Work task:
Copy, word for word, the lines of the listing below from the line with "the best lebron shoes" up to and including the line with "President Donald Trump". Drop the pictures.

Dataset records:
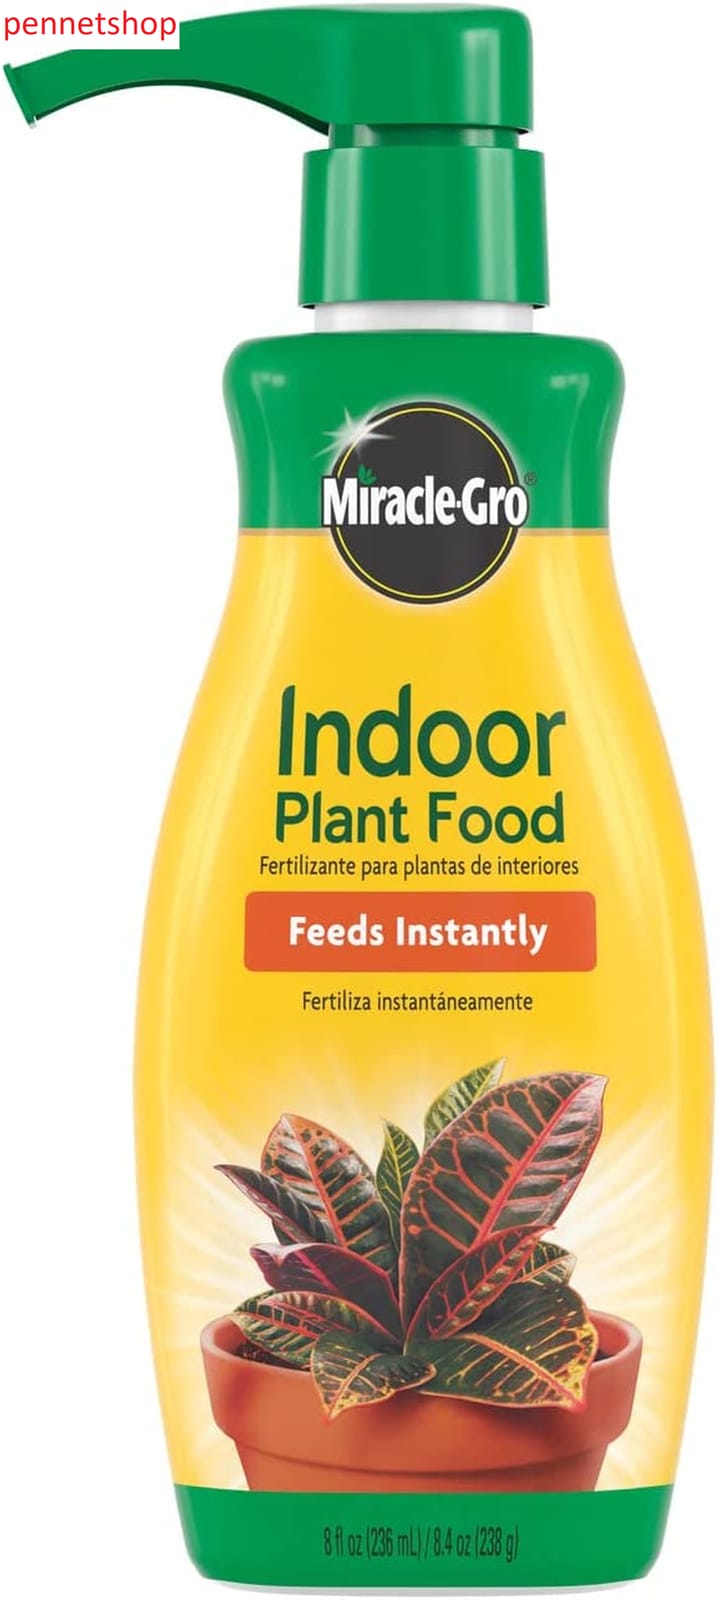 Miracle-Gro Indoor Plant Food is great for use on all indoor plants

...

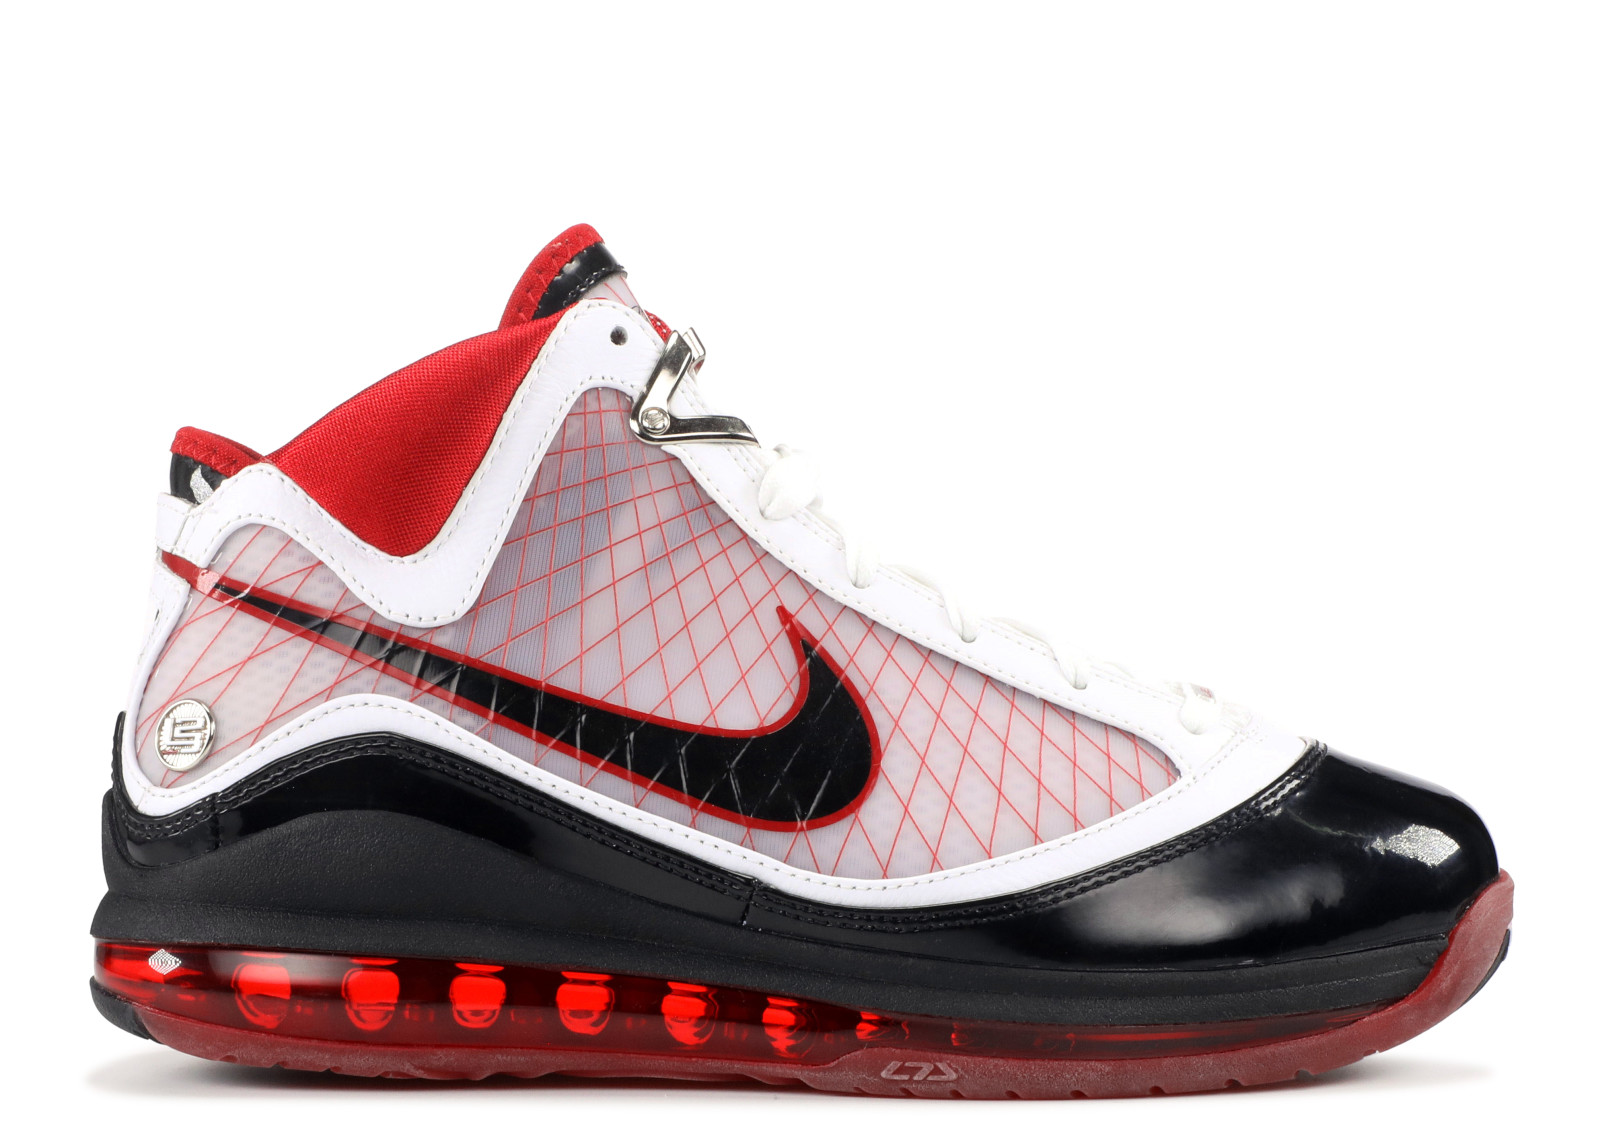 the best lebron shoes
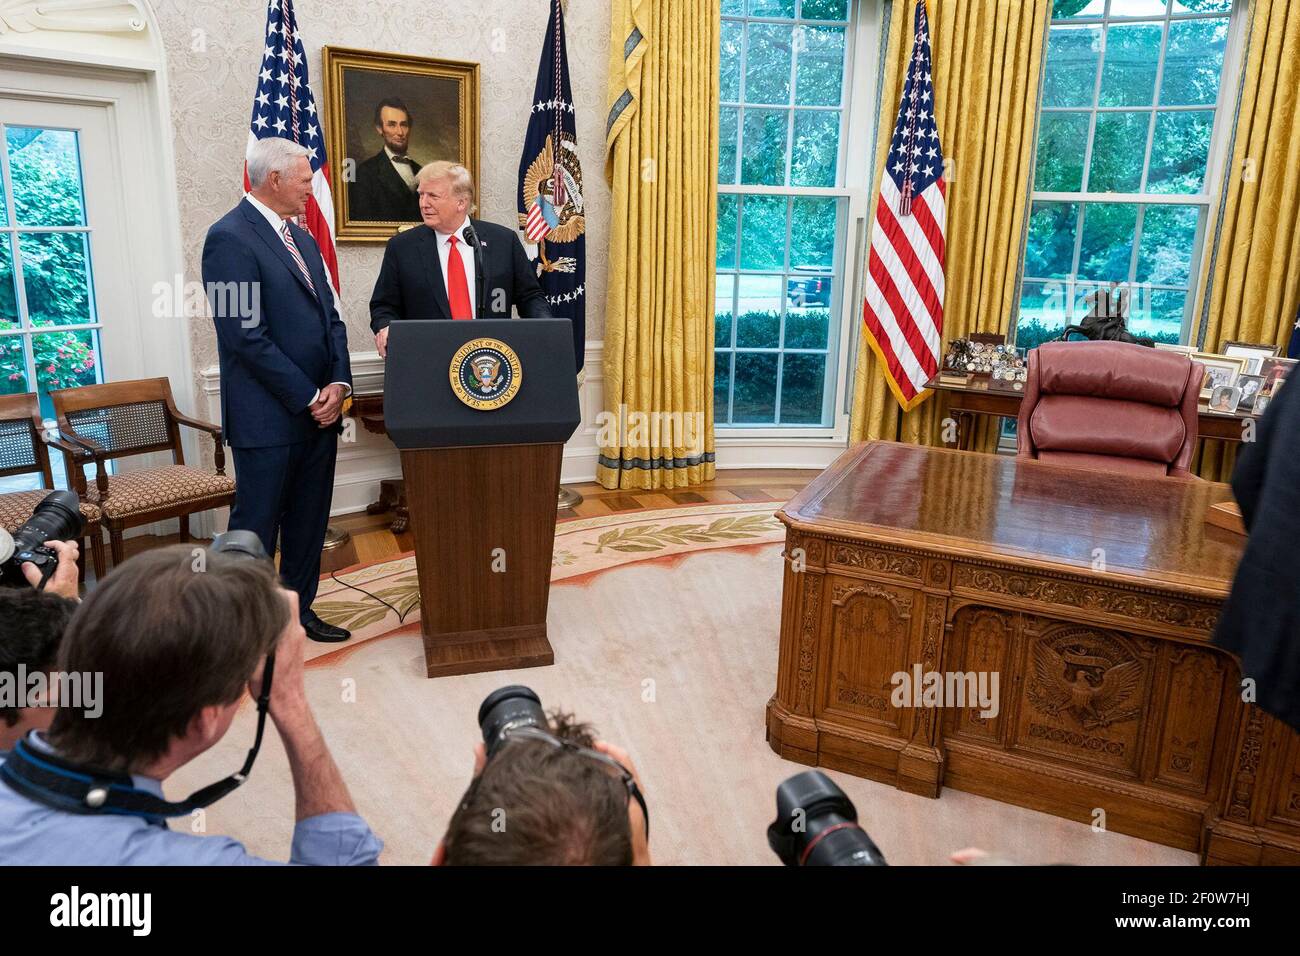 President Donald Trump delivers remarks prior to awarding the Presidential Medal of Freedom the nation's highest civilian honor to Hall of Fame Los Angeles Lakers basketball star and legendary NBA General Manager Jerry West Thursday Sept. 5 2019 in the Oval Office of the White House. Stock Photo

---

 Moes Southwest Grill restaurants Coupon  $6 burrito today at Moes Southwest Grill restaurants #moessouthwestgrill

Task response:
 the best lebron shoes
 President Donald Trump delivers remarks prior to awarding the Presidential Medal of Freedom the nation's highest civilian honor to Hall of Fame Los Angeles Lakers basketball star and legendary NBA General Manager Jerry West Thursday Sept. 5 2019 in the Oval Office of the White House. Stock Photo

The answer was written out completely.